Sun, Jan 06, 2019 - Page 4 News List

Year’s first bluefin tuna fetches ¥333.6m in Tokyo


An employee of Japanese sushi chain Sushi-Zanmai yesterday shows the head of a 278kg bluefin tuna, which the company’s owner bought for a record price at the year’s first auction at Tokyo’s Toyosu Market, at the chain’s head restaurant at Tsukiji in Tokyo, where the market was formerly located.


A 278kg bluefin tuna yesterday sold for a record ¥333.6 million (US$3.07 million) at the new year’s first auction, after Tokyo’s famed Tsukiji market was closed and auctions moved to Toyosu Market a new site on the city’s waterfront.

The winning bid for the prized, but threatened species at the predawn auction was more than double the 2013 annual New Year auction.

It was paid by Kiyomura Corp, whose owner Kiyoshi Kimura runs the Sushi-Zanmai chain. Kimura has often won the annual auction in the past.

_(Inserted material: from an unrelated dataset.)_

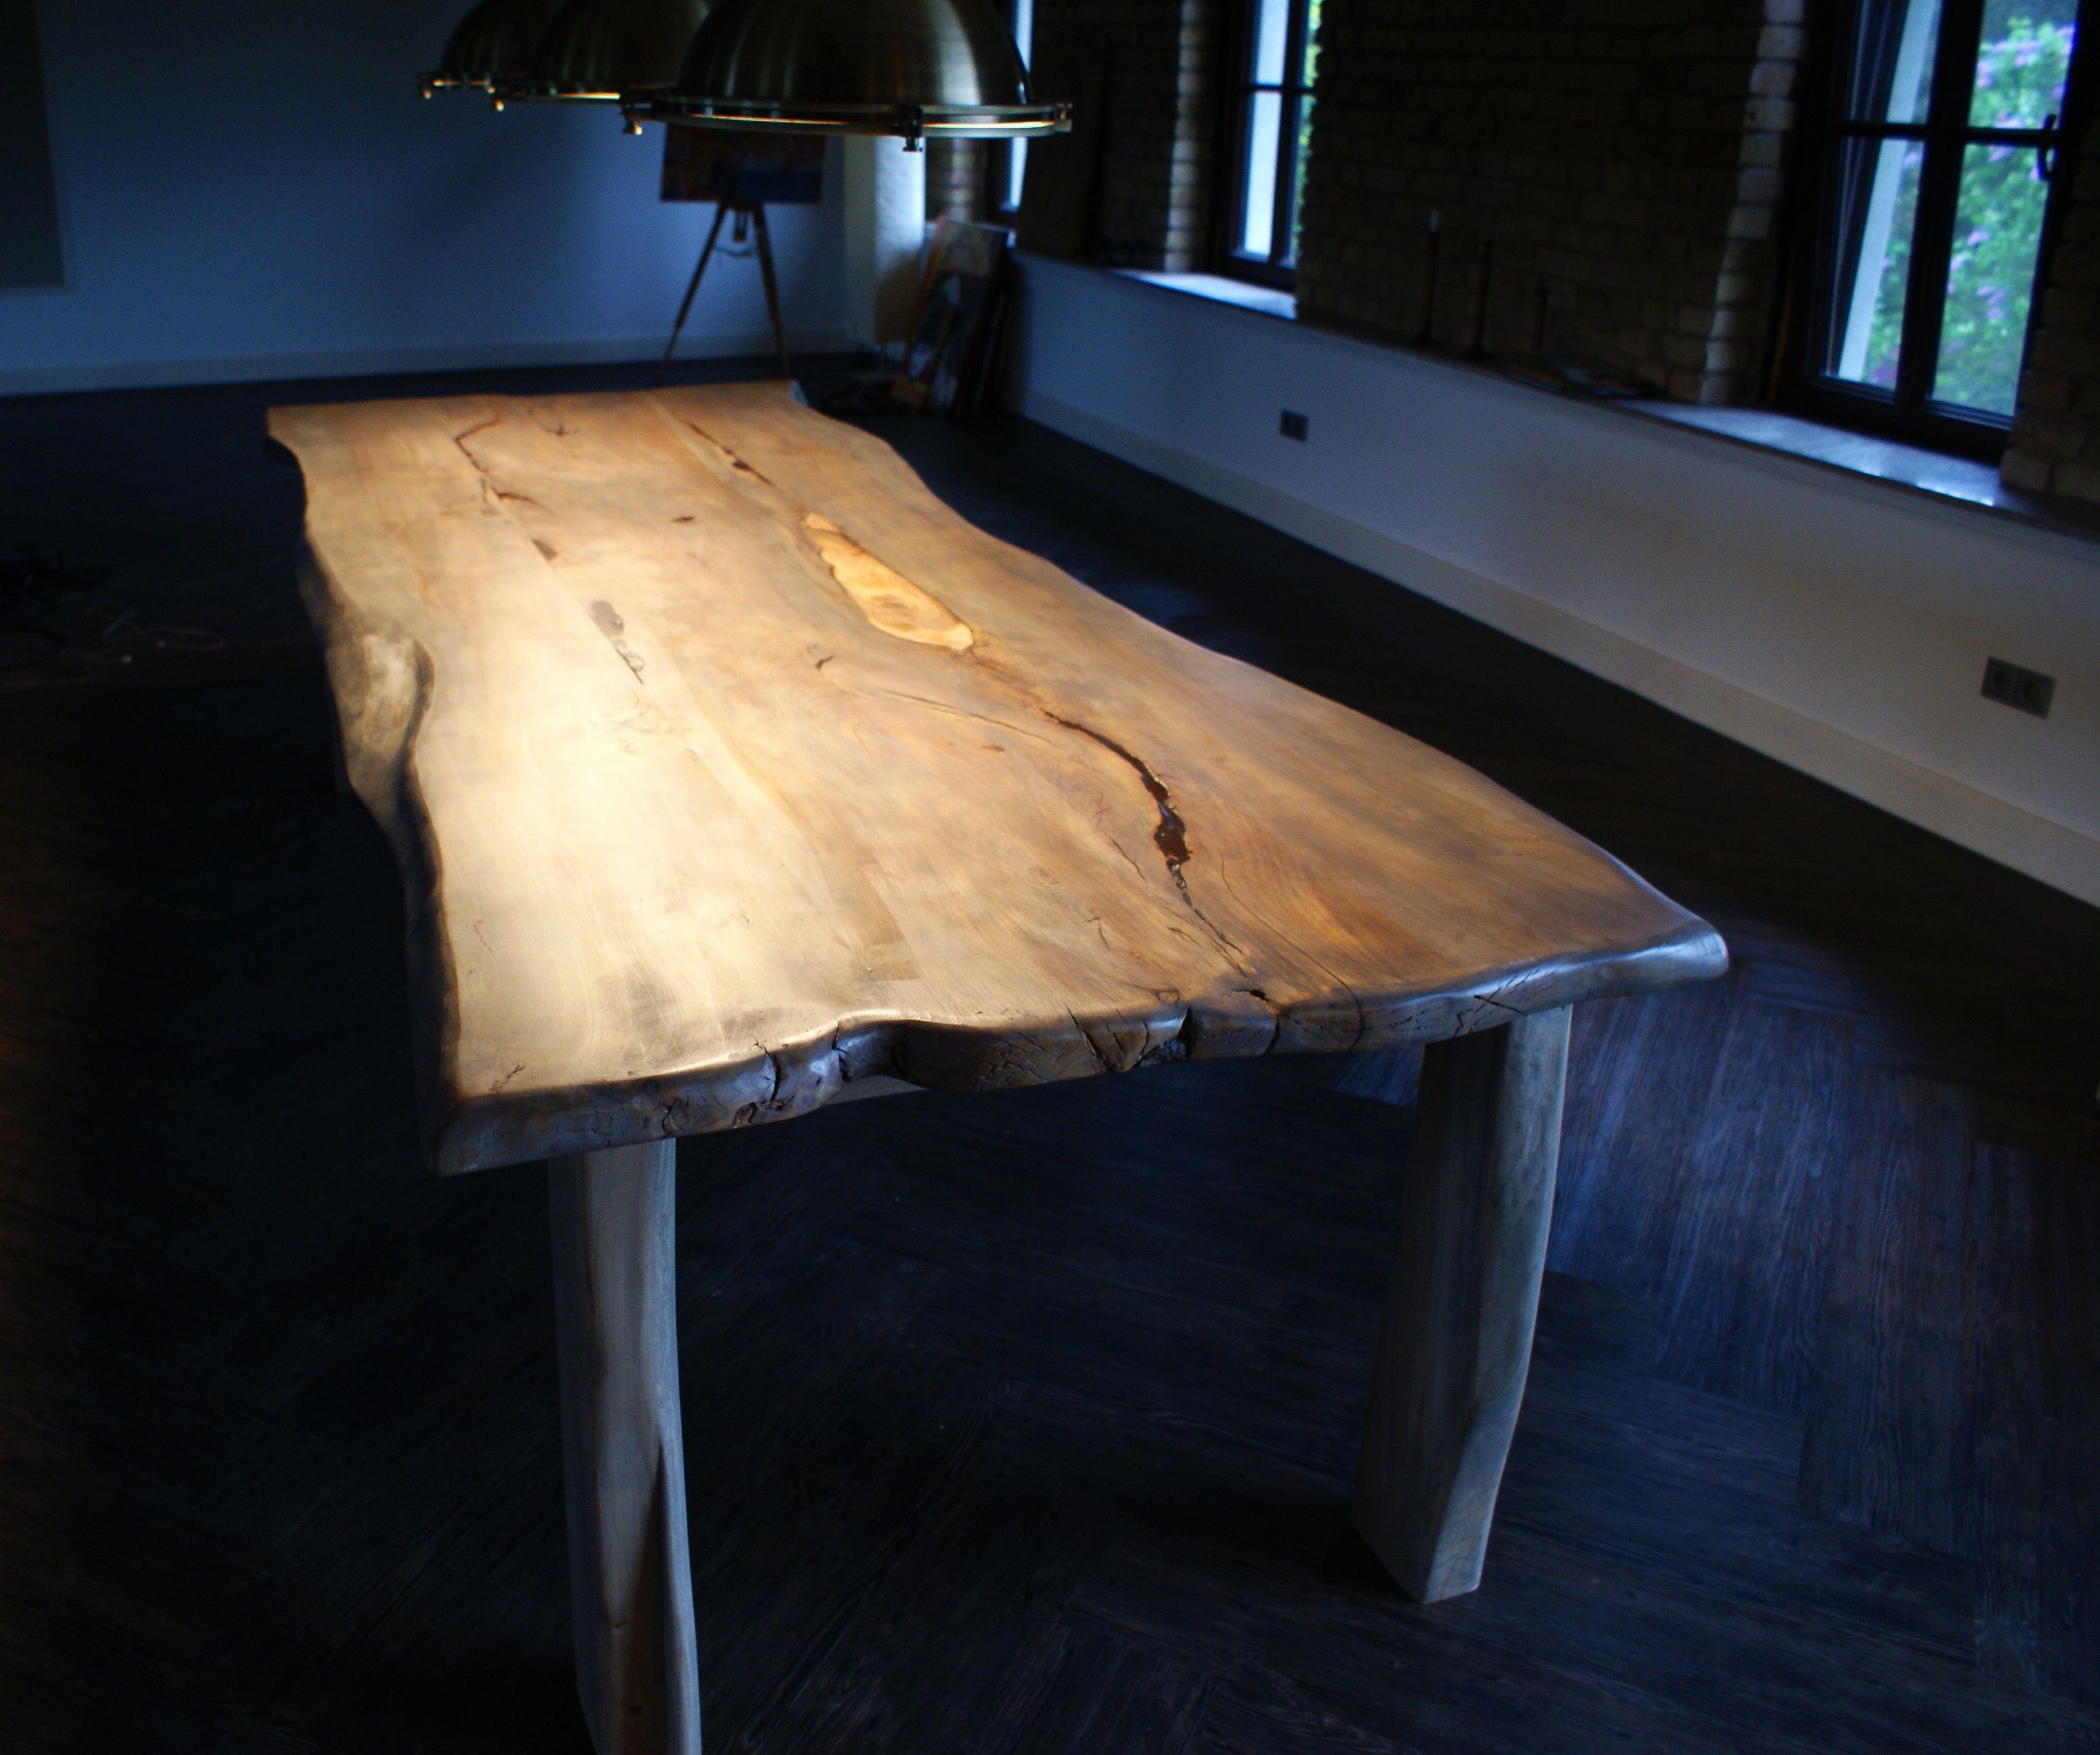 Holztisch rustikal  Großer Holztisch aus Ulme-Naturholz | maybe - similar - ideas ...

Japan Broadcasting Corp (NHK) showed a beaming Kimura saying that he was surprised by the high price of tuna this year.

However, he added: “The quality of the tuna I bought is the best.”

The auction prices are far higher than usual for bluefin tuna. The fish usually sells for up to US$88 per kilogram, but the price rises to more than US$440 per kilogram near the year’s end, especially for prized catches from Oma in northern Japan.

Last year’s auction was the last at Tsukiji before the market shifted to the new facility on a former gas plant site on Tokyo Bay. The move was delayed repeatedly due to concerns over soil contamination.

Japanese are the biggest consumers of the torpedo-shaped bluefin tuna, and surging consumption there and abroad has led to overfishing of the species.

Experts have said that it faces possible extinction, with stocks of Pacific bluefin depleted by 96 percent from their pre-industrial levels.

“The celebration surrounding the annual Pacific bluefin auction hides how deeply in trouble this species really is,” said Jamie Gibbon, associate manager for global tuna conservation at the Pew Charitable Trusts.

There are signs of progress toward protecting the bluefin, and Japan and other governments have backed plans to rebuild Pacific bluefin stocks, with a target of 20 percent of historic levels by 2034.

Decades-old Tsukiji was one of Japan’s most popular tourist destinations, as well as the world’s biggest fish market. Toyosu Market opened in October. A few businesses stayed in Tsukiji, but nearly all of the more than 500 wholesalers and other businesses shifted to Toyosu.

Tsukiji is due to be redeveloped, although for now it is being turned into a parking lot for next year’s Tokyo Summer Olympics.